The Indian Olympic Association (IOA) is perhaps yet to come to terms with the disorder that prevails in many a discipline, even as Rio Olympics are round the corner, but at least a whiff of fresh air is emanating from the national sport and in the nick of time. If anything, the manner the boys made history at London a couple of days back, overly reinforces the fact that one can derive positives if the authorities dare to take risks.
That is precisely where one should laud Hockey India’s gamble of fielding a young team for a coveted event like the Champions Trophy, where India’s performances till date have been nothing to rave about. The silver lining to the bronze of three decades old signals the dawn of a new era for the men’s squad. That also serves as the perfect starting point to the last leg of preparation for the ensuing big one at Rio.

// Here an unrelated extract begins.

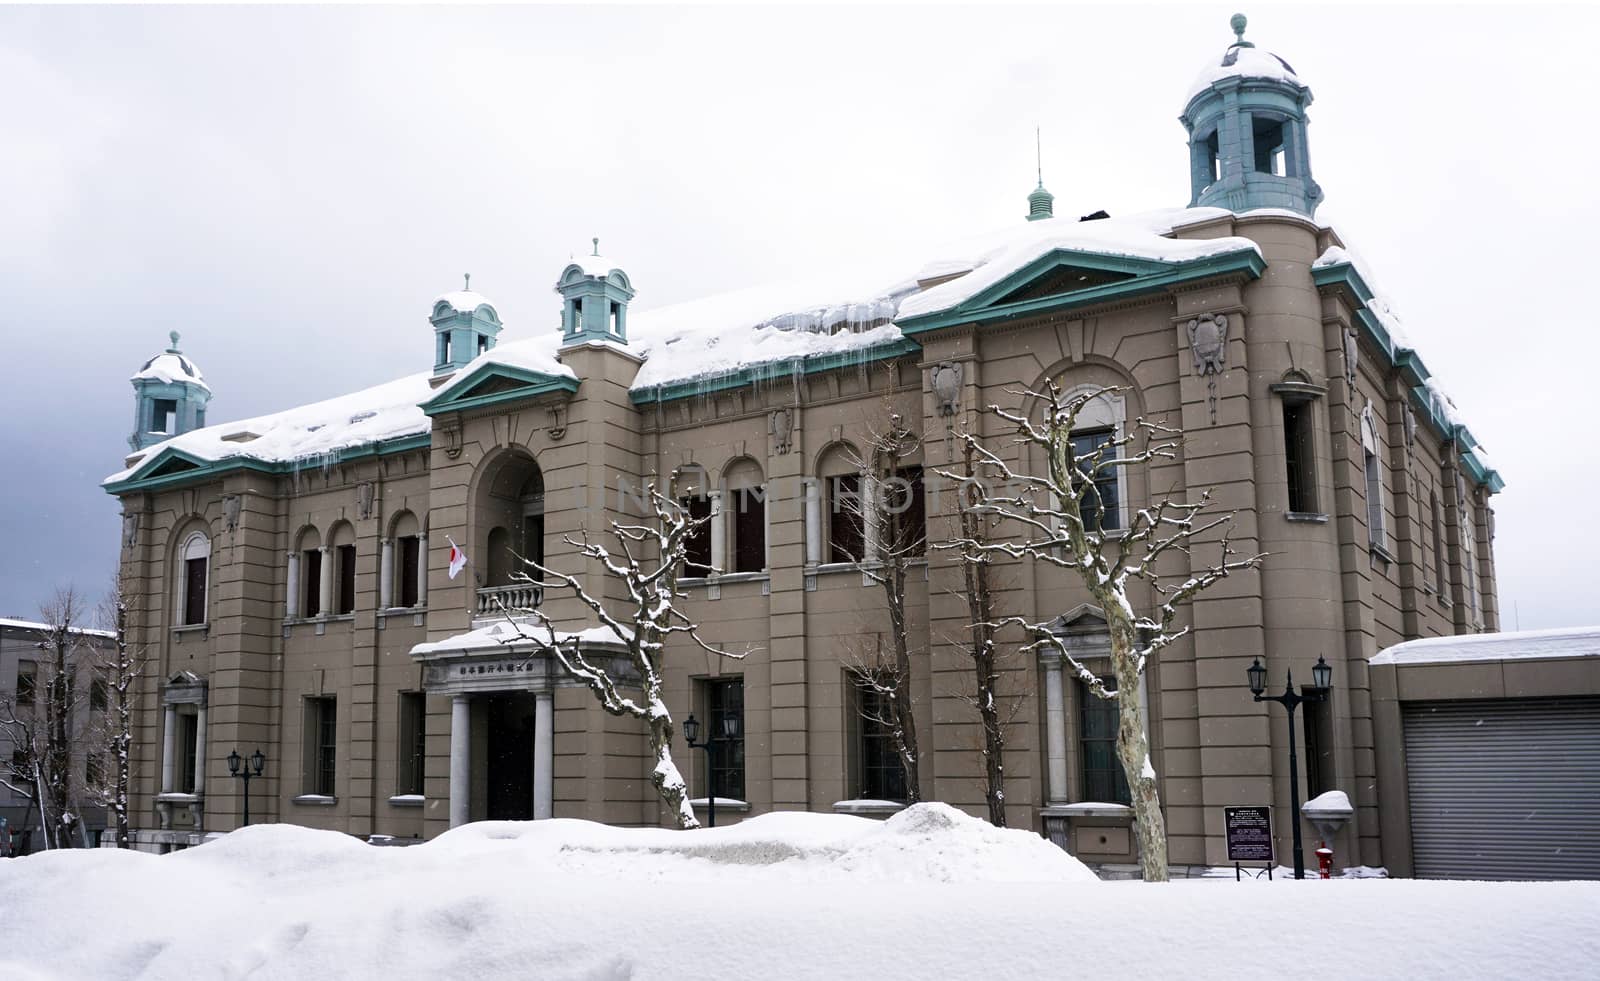 Otaru old town city building in snow winter by polarbearstudio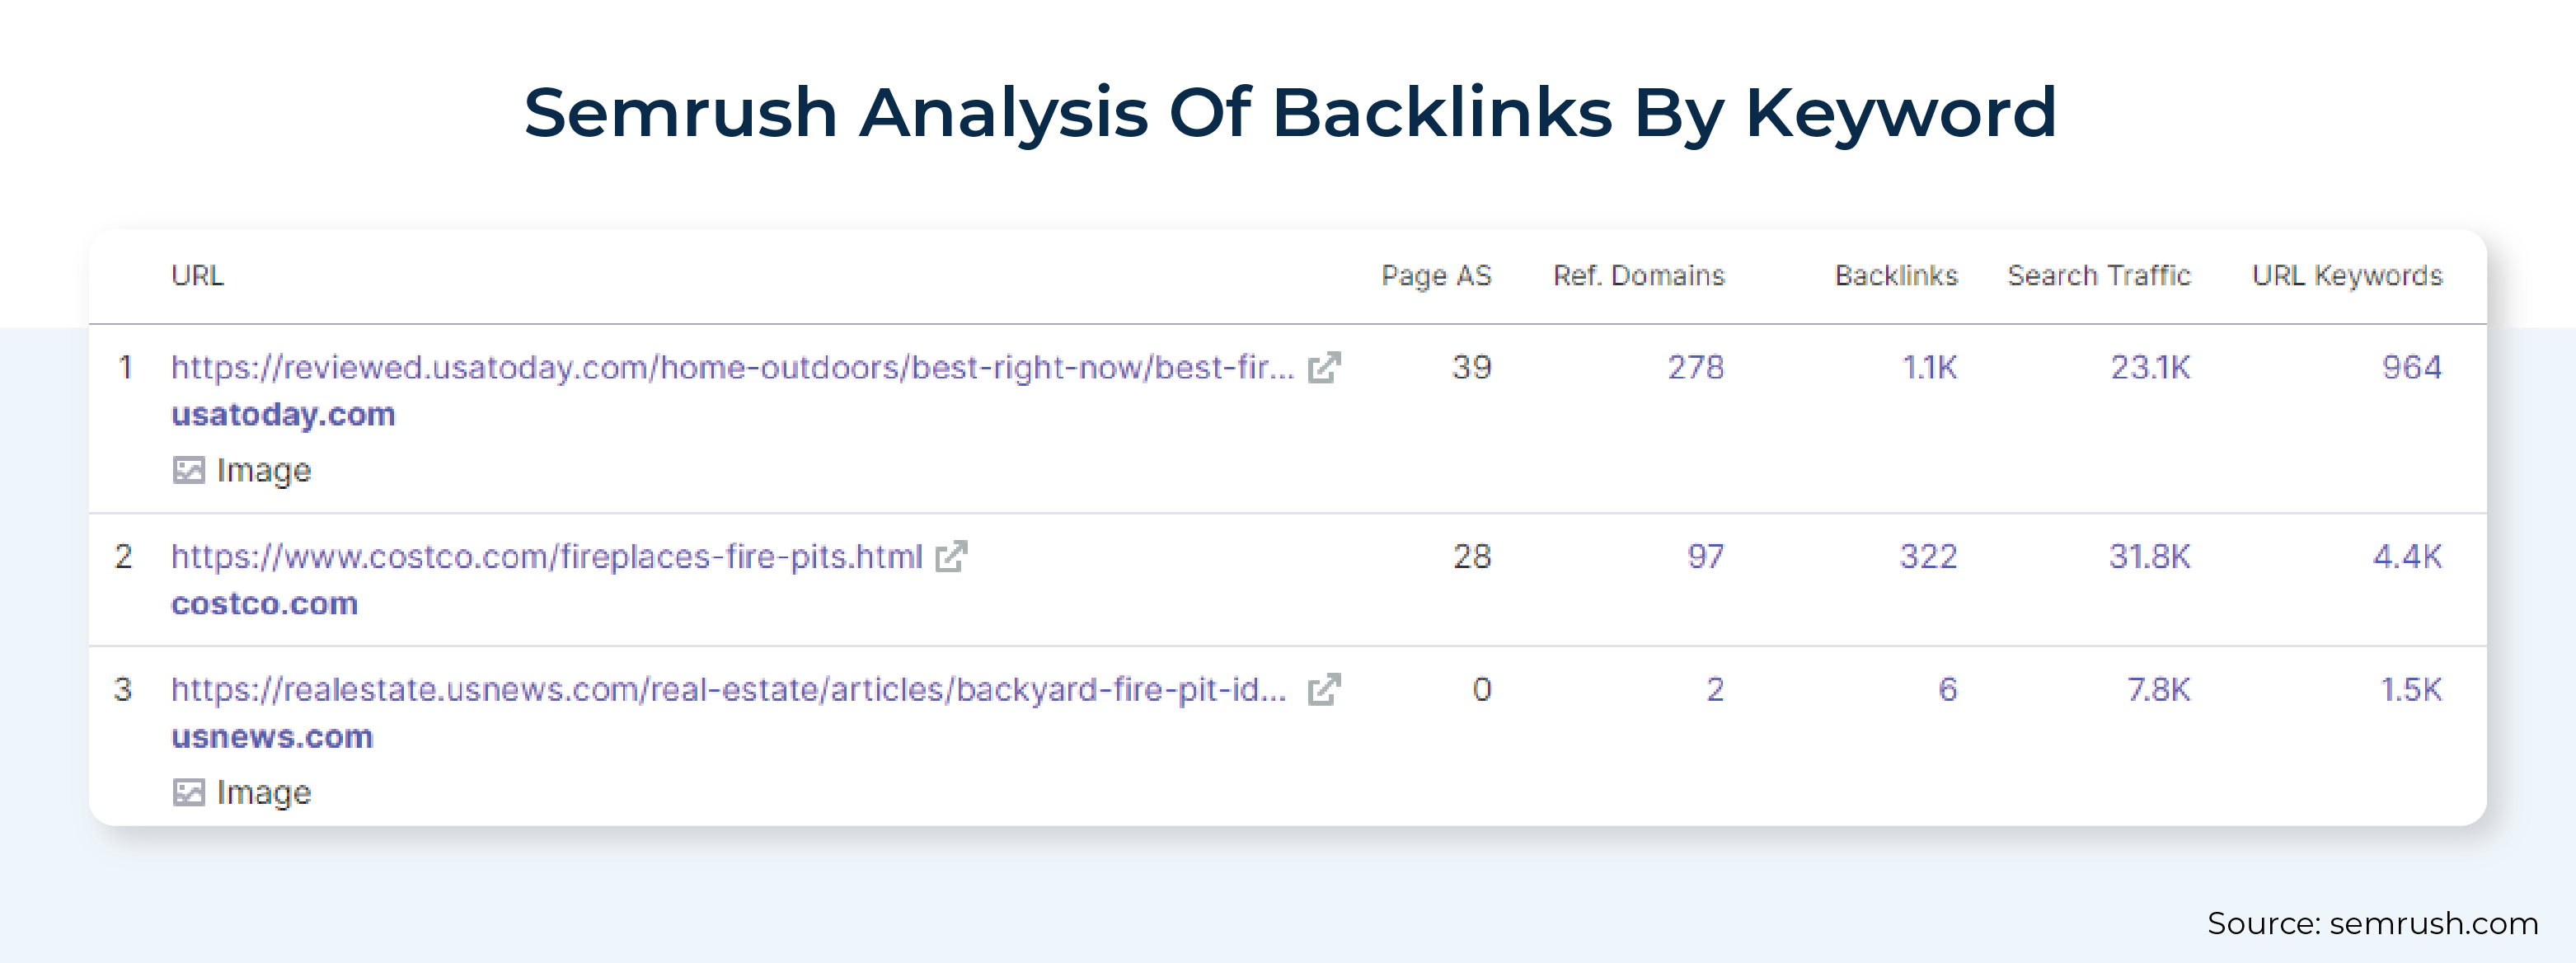 Semrush Analysis Of Backlinks By Keyword

That India managed to win silver losing to the formidable Australians with all their guns blazing despite ‘resting’ two of its proven seasoned-campaigners, captain Sardar Singh and drag-flicker Rupinder Pal Singh, is perhaps the biggest possible gain from the latest outing. As team coach Roelant Oltmans pointed out, ‘we won confidence on our way to Rio.’
The solid bench strength is a tribute to the years of toil that have been put in to bring the country to a level that almost seems a throwback to the late seventies when India’s stick-wizardry was the most feared one in the world of hockey. Credit should go to stand-in skipper PR Sreejesh, whose magnificent goal-keeping abilities have saved the country from many possible ignominious defeats.
There is no denying that he has been the country’s Most Valuable Player for several years now. Suddenly, it seems like the team is spoilt for choice considering that youngsters like SV Sunil, Harmanpreet Singh, Manpreet Singh and Mandeep Singh have risen to the task so admirably that the absence of the seniors was hardly felt anytime during the 2016 FIH Champions Trophy.
Taken pragmatically, the brilliant showing by Oltmans’ boys does raise hopes of Olympic glory, particularly because the players blended well as a team and the return of the old guard, including the presently injured Birendra Lakra, will solidify the medal prospects. However, in the hour of glory and caught in the euphoric moments, the HI must serve a note of caution.
Indians are notoriously inconsistent, something that was also on show in London, which is not a good augury for a team that relies on defensive techniques and seldom goes on the offensive in terms of raids. That India conceded a whopping 39 penalty corners is something that should have the alarm bells ringing.
A welcome feature has been the major turnaround brought about on mental temperament. India should spend the next two months to iron out these flaws and also streamline its strengths considering the intensity with which Olympics will be fought. The boys fell at the final front but won a millions of hearts.